商业切口常围绕痛点、冲动消费、心理安慰和获得感,与我的个人爱好未必一致。普通人的兴趣、专业、赚钱方向和维持温饱的工作,常是三条没有交集的线。承认不相交,反而能分别安排,不再要求一份工作同时满足全部愿望。
普通人先找必然流动的钱
家庭背景普通、年轻而认真的人,最容易继续把希望放在城市、专业、实习和读博之间。若仍在山村、尚未高考,我会建议先认真高考,因为它确实可能改变第一层机会;已经本科或硕士以后,再沿同一条线反复加码,回报概率就会显著下降。阶段不同,结论也不同。
我自己也没有背景,早年周末一个月做八天工作,只拿二百元。普通人在岗位、编制和家庭资源上很难与更有条件的人竞争,即使勉强赢下岗位,也不等于赚到钱。因此我说要“野起来”,指更主动寻找规则外的合作入口,而不是在同一竞赛里继续消耗。

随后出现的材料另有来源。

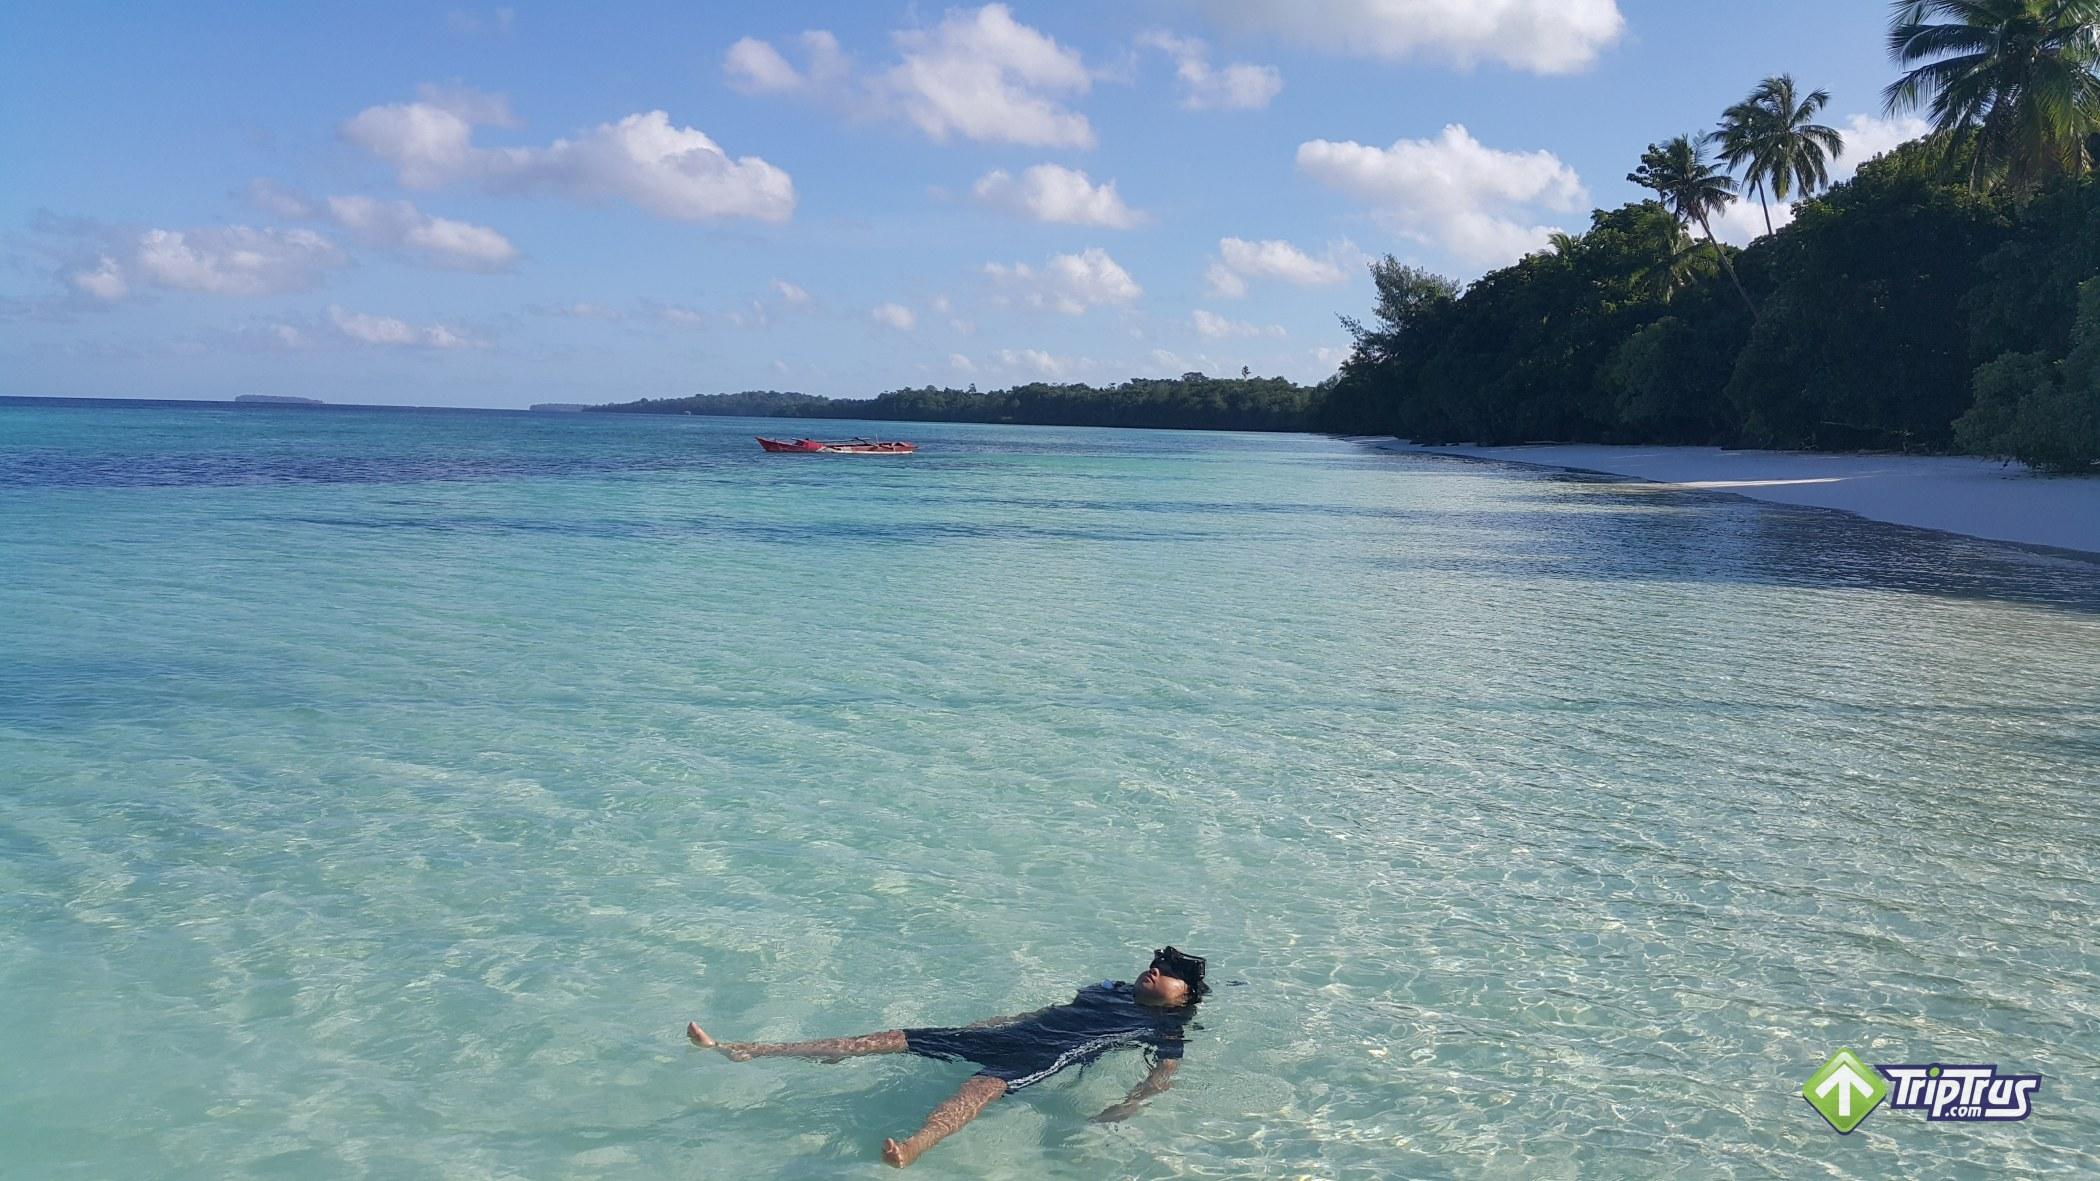 Pantai Ngurbloat, Kei, Maluku

普通人最容易先接近第三类,能力强一些再做第二类,直接满足第一类的难度最高。个人想赚钱、升学,企业想让流水和利润增长,普通人很难直接承诺这些结果。相较之下,高校每年的考证与就业任务、地方人才项目和投资方向,存在周期性预算;找到预算口,再围绕当期主题组织项目,路径更清楚。
例如某阶段地方关注医疗与 AI,就可以寻找两者交叉项目;高端夏令营七天收费九千八百元,仍有数百人报名,也说明“我认为有没有用”不是付款的唯一标准。先找谁必须花钱、为什么花、按什么数量考核,再决定我能提供哪一段。
积累赚钱经验,只能下水
赚钱并不遵循“只要重复足够久就会成功”的简单量变。舆论爱讲长期坚持后的成功,却容易忽略幸存者偏差,也忽略成功者在过程中改变了方向、资源和方法。若所有人只靠堆数量都能成功,结果就不会如此稀缺。

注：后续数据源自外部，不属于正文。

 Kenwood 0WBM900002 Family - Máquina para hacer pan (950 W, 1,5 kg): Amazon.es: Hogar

想赚钱,第一步只能直接验证赚钱。所有准备最终都要走到这一步,绕得再久也不能替代它。真正要积累的是赚钱经验,真正要认识的是交易中需要的人,这些只能在尝试成交时出现。
想学游泳,跑步能改善心肺,却不能替代下水。做自媒体、看书、看视频和搜集信息,可能与变现有关,但只要没有变现,就不能把相关行动当成已经会赚钱。跑了十年步不会自动会游泳,准备十年也不会自动完成第一笔交易。
时间变长、年龄增长、工作经验增加、阅读变多,都不会自然产生更多赚钱路径。行动必须与目标在同一根线上,并得到结果。做得多且结果更多,才叫积累;做得多却一直没有闭环,只是把弯路走得更熟。
链路不清楚,就先别下场
直接验证不等于链路不清也强行下场。目标、买方、付款理由和交付方式都不知道时,第一件事是摸清自己究竟要做什么。明知不清楚仍投入,亏损以后再说被骗,不能改变事前没有完成判断的事实。

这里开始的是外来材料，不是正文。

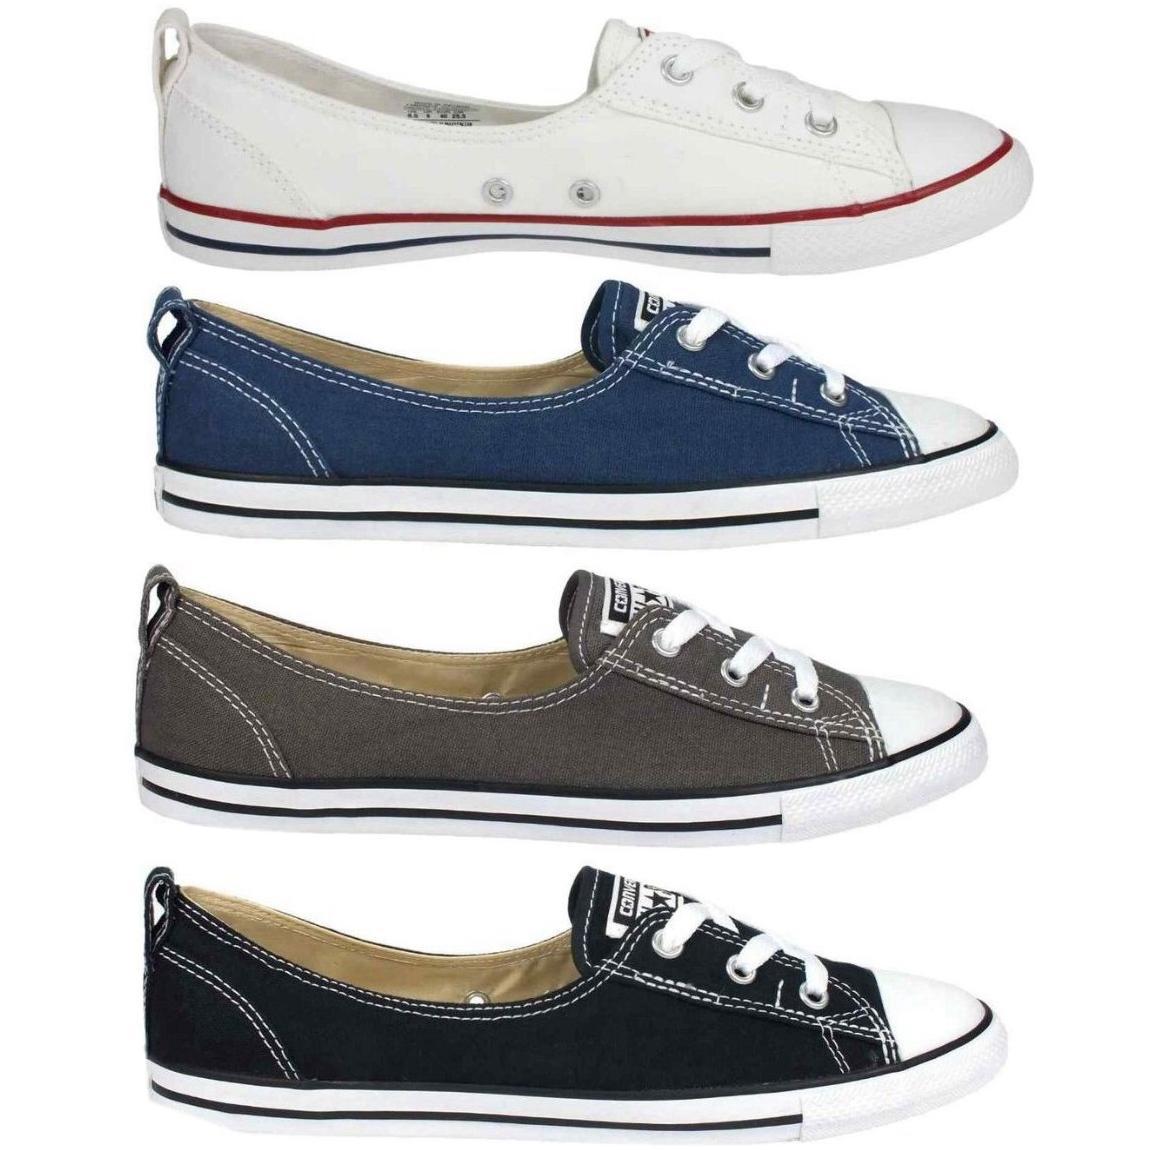 aefdd1c3c8d071 Converse Chuck Taylor All Star Ballet Lace Schuhe Sneaker Ballerinas ...

有资源、有位置的人通常不会做目标完全不清的事。普通人与他们的差别,不一定是勇气,而是是否先把商业逻辑、参与方和所缺资源讲明白。谨慎不是无限准备,是在关键链路清楚之前不下注。
具体顺序是:先找社会上已经存在五年、十年甚至二十年、确实有人赚过钱的商业逻辑;再确认自己要进入哪一段,这套逻辑是否仍被验证;然后列出缺少的资源,到社会上逐项寻找。打工的钱由岗位规则发放,生意的钱沿真实链路流动。只有把这条链看清,我才知道下一步该做什么。